若是真的能,痛快利落地被取走性命……对于此时的他而言,应该是一个天大的恩赐吧。
感觉到身体无处不泛着刀刮般让他使不出一丝力气的剧痛, 而虫种此时已经朝着他的经脉向他的头上钻去,赵北尹不甘地瞪大着双眼,几乎是奢求能有干脆了断的这样一个美好结果的到来。
……
以着灵力作为推进,几乎是迅速的,叶齐便以着让他身边的海水滚沸的速度,迅疾地朝着虫种传来的赵北尹所在位置赶去。
而赵北尹洞府外的符阵布置极为繁复,叶齐没有因着自己能够轻易叫赵北尹重伤而有丝毫大意,因为导致赵北尹的重伤的原因便是因为他在道人的纵容下,在与道人的对峙时在昏迷的赵北尹体中凑巧地植入一张雷符。而这雷符在他能够命令虫王后,又隐藏在了虫种之中,所以没有让赵北尹发现罢了。
但凡赵北尹有一丝察觉,今日也不可能落到如此地步。
因此叶齐此时没有一丝侥幸心思,而此时的他方才是遇上了真正的难关。赵北尹洞府中布置的层层符阵这道难关,已经不是靠些急智或者技巧便能度过的了,要解开这些繁复精密的符阵,需要的是实打实的符道上的积累和感悟。
而从头到尾,他脑中都没将半分心思指望在赵北尹身上,毕竟这符阵是赵北尹亲自设下,哪怕是悄无声息地将他待到看似出路实则处处杀机遍布的死局,他也是毫不怀疑的。

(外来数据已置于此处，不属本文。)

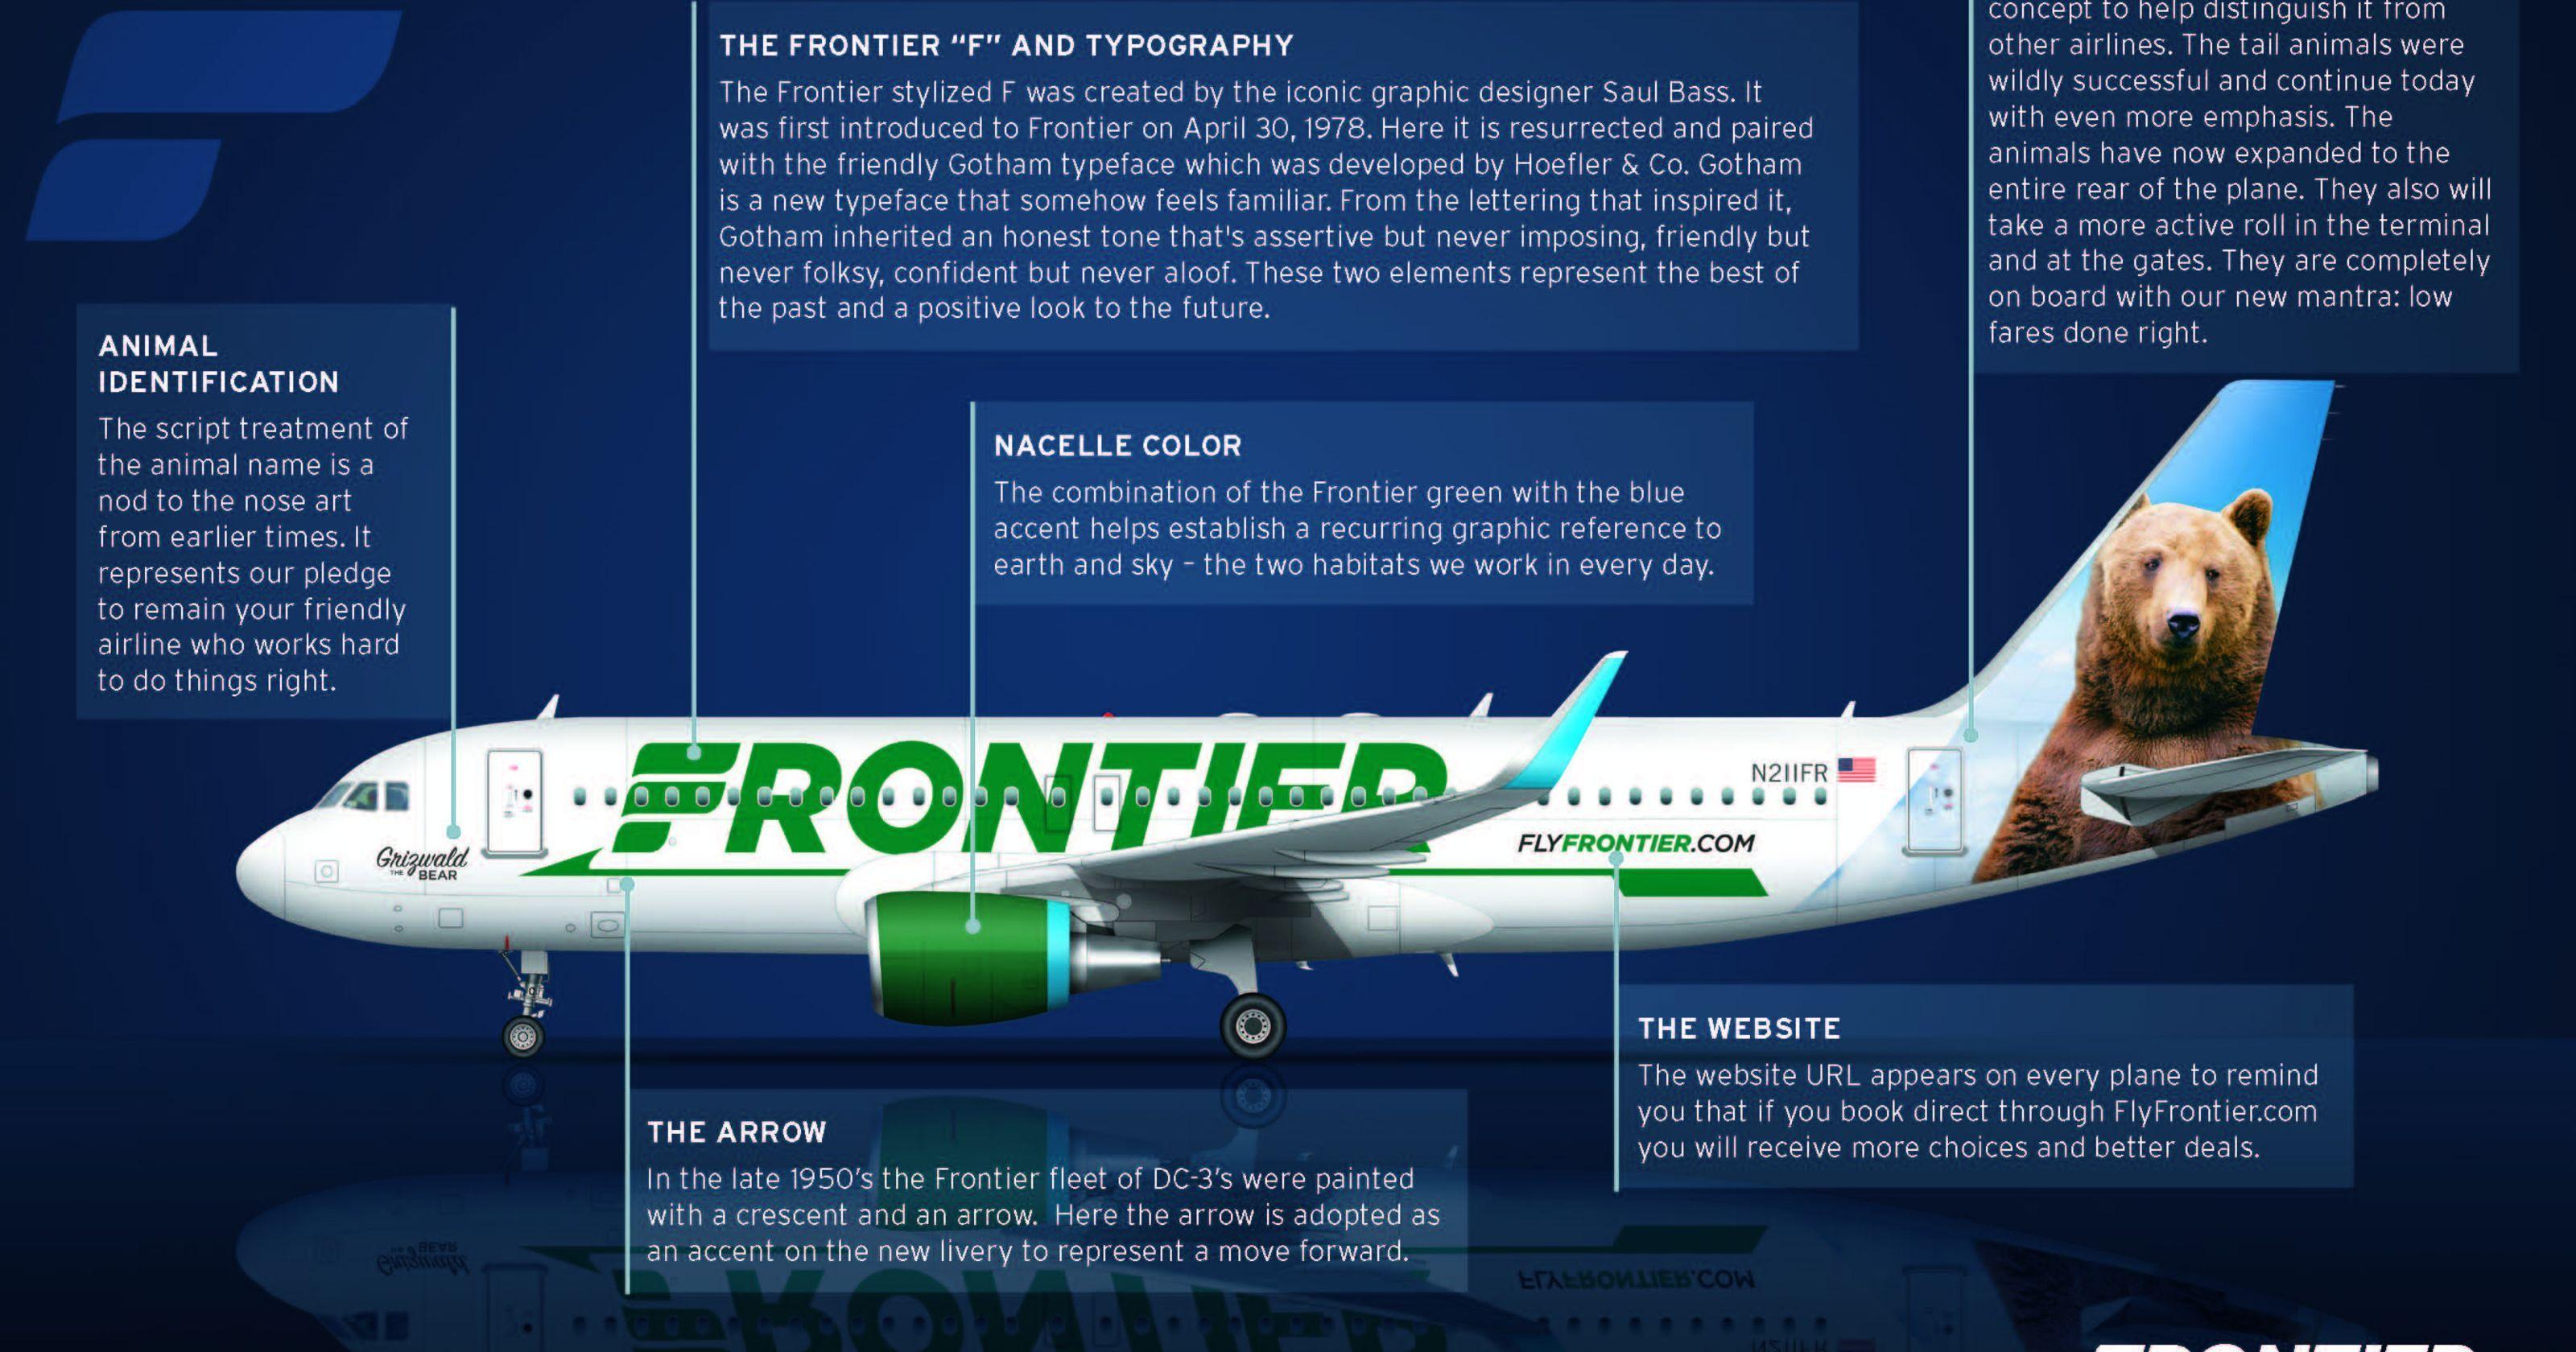 Green Airplane Logo - Frontier unveils new logo; CEO talks about airline's future

在面对这般实打实的只有符道水平才能渡过的难关时,叶齐相信不要说是给他一时片刻,便是给他数日时间,他也不可能将一位符道上钻研数百年的符师的符阵破开的。这无关信心与否,只是最纯粹的年月积累之间的比较罢了,若是让他换到了赵北尹的年月,他也同样有着破解开这些符阵的决心。
然而对于从原世界到达小方秘境还不到半年的他而言,就如同让一个刚出生的稚儿去解开闻所未闻的诸多未解之谜一般,在暴力破解成为下策之时,几乎没有过多犹豫的,叶齐便选择了最为简单的一个方法。
……
下一刻,赵北尹终于得到了他梦寐以求的结局。
他的头一歪,眼睛拼命睁大着,终于在那虫种蛀空了他体内的肺腑脏器,甚至将他的血肉都吸食一空后,如愿以偿地永远摆脱了这般痛苦之中。
诸多繁复而精密的符阵就如同钟表上无数个密切相关的齿轮一般,在符阵失去了控制者心神控制的那一刻,因着动力的终止,叶齐能够感觉到所有符阵带给他的气息都在猛然间泄为一空。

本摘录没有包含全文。